176.It input_cred_handle
177The credential to which a credential-element will be added.
178If
179.Dv GSS_C_NO_CREDENTIAL
180is specified, the routine will compose the new credential based on
181default behavior (see description above).
182Note that, while the credential-handle is not modified by
183.Fn gss_add_cred ,
184the underlying credential will be modified if
185.Fa output_credential_handle
186is
187.Dv NULL .
188.It desired_name
189Name of principal whose credential should be acquired.
190.It desired_mech
191Underlying security mechanism with which the credential may be used.
192.It cred_usage
193.Bl -tag -width "GSS_C_INITIATE"
194.It GSS_C_BOTH
195Credential may be used either to initiate or accept security
196contexts.
197.It GSS_C_INITIATE
198Credential will only be used to initiate security contexts.
199.It GSS_C_ACCEPT
200Credential will only be used to accept security contexts.
201.El
202.It initiator_time_req
203Number of seconds that the credential should remain valid for
204initiating security contexts.
205This argument is ignored if the composed credentials are of type
206.Dv GSS_C_ACCEPT .
207Specify
208.Dv GSS_C_INDEFINITE
209to request that the credentials have the maximum permitted initiator lifetime.
210.It acceptor_time_req
211Number of seconds that the credential should remain valid for
212accepting security contexts.
213This argument is ignored if the composed credentials are of type
214.Dv GSS_C_INITIATE .
215Specify
216.Dv GSS_C_INDEFINITE
217to request that the credentials have the maximum permitted initiator lifetime.
218.It output_cred_handle
219The returned credential handle,
220containing
221the new credential-element and all the credential-elements from
222.Fa input_cred_handle .
223If a valid pointer to a
224.Fa gss_cred_id_t
225is supplied for this parameter,
226.Fn gss_add_cred
227creates a new credential handle containing all credential-elements
228from the
229.Fa input_cred_handle
230and the newly acquired credential-element;
231if
232.Dv NULL
233is specified for this parameter,
234the newly acquired credential-element will be added to the credential
235identified by
236.Fa input_cred_handle .
237.Pp
238The resources associated with any credential handle returned via this
239parameter must be released by the application after use with a call to
240.Fn gss_release_cred .
241.It actual_mechs
242The complete set of mechanisms for which the new credential is valid.
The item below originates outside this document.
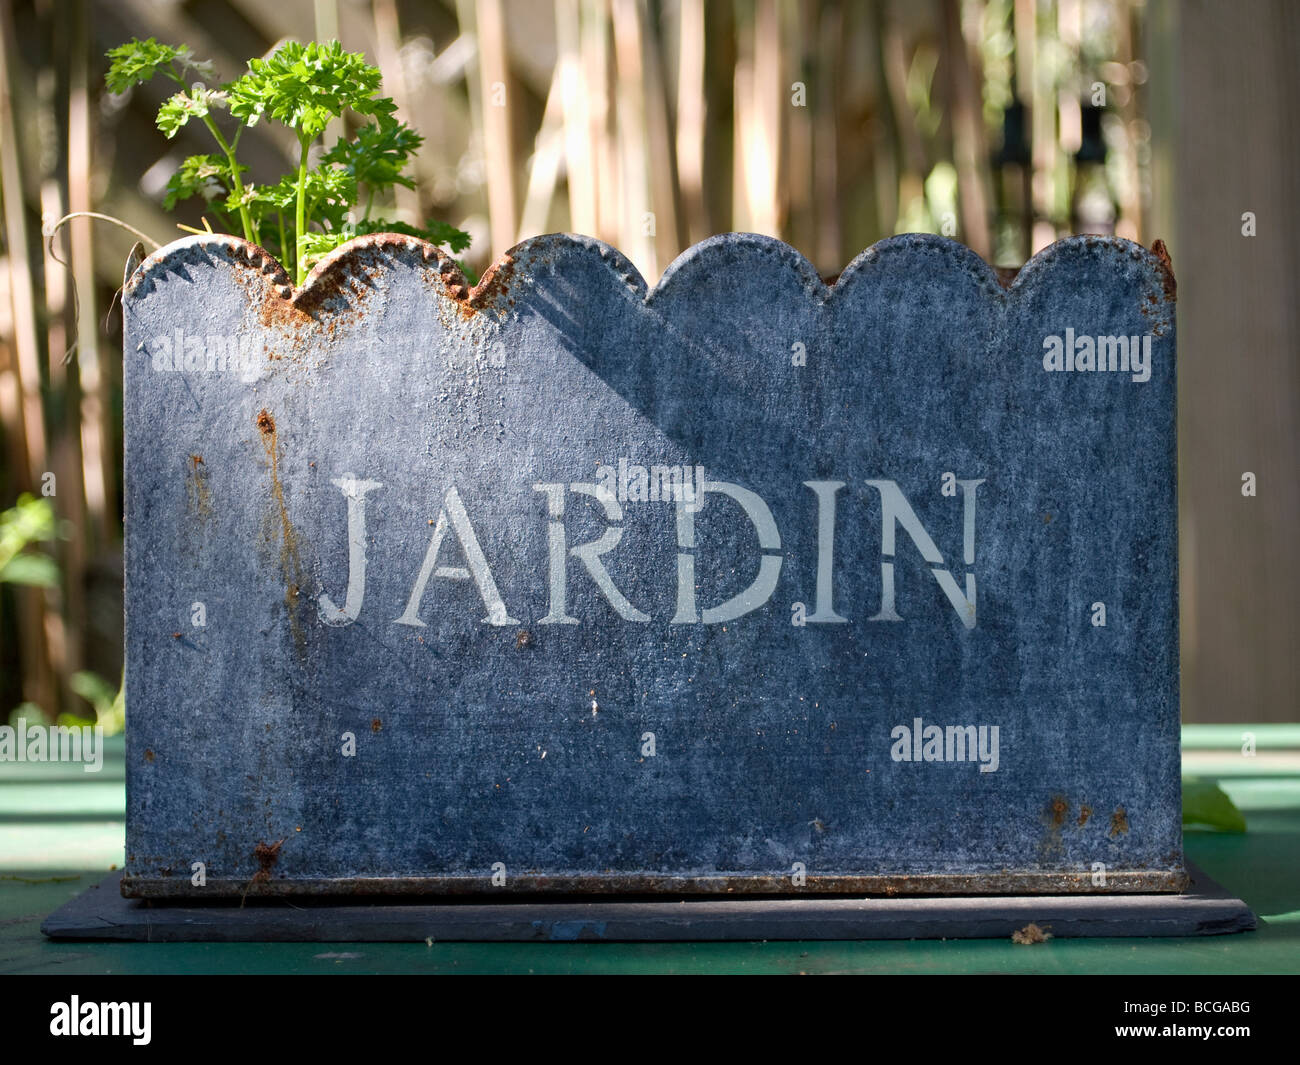 Parsley growing in 'jardin' stencilled metal planter. Stock Photo

243Storage for the returned OID-set must be freed by the application
244after use with a call to
245.Fn gss_release_oid_set .
246Specify
247.Dv NULL if not required.
248.It initiator_time_rec
249Actual number of seconds for which the returned credentials will
250remain valid for initiating contexts using the specified mechanism.
251If the implementation or mechanism does not support expiration of
252credentials,
253the value
254.Dv GSS_C_INDEFINITE
255will be returned.
256Specify
257.Dv NULL
258if not required.
259.It acceptor_time_rec
260Actual number of seconds for which the returned credentials will
261remain valid for accepting security contexts using the specified
262mechanism.
263If the implementation or mechanism does not support expiration of
264credentials,
265the value
266.Dv GSS_C_INDEFINITE
267will be returned.
268Specify
269.Dv NULL
270if not required.
271.El
272.Sh RETURN VALUES
273.Bl -tag -width ".It GSS_S_CREDENTIALS_EXPIRED"
274.It GSS_S_COMPLETE
275Successful completion.
276.It GSS_S_BAD_MECH
277Unavailable mechanism requested.
278.It GSS_S_BAD_NAMETYPE
279Type contained within desired_name parameter is not supported
280.It GSS_S_BAD_NAME
281Value supplied for desired_name parameter is ill-formed.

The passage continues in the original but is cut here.